> [TASK DETAILS] When you reach the line containing "A branch of" in the records below, start copying exactly, and stop once you have copied the line containing "Spicy Shrimp Salad with lime sesame dressing".

> [DATA TO PROCESS]

■ ■ ■ ■ ■

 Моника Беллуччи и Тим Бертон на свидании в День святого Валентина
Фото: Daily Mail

■ ■ ■ ■ ■

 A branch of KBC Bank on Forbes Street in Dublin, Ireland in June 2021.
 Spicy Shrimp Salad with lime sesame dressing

■ ■ ■ ■ ■

> [RESULT BELOW]
 A branch of KBC Bank on Forbes Street in Dublin, Ireland in June 2021.
 Spicy Shrimp Salad with lime sesame dressing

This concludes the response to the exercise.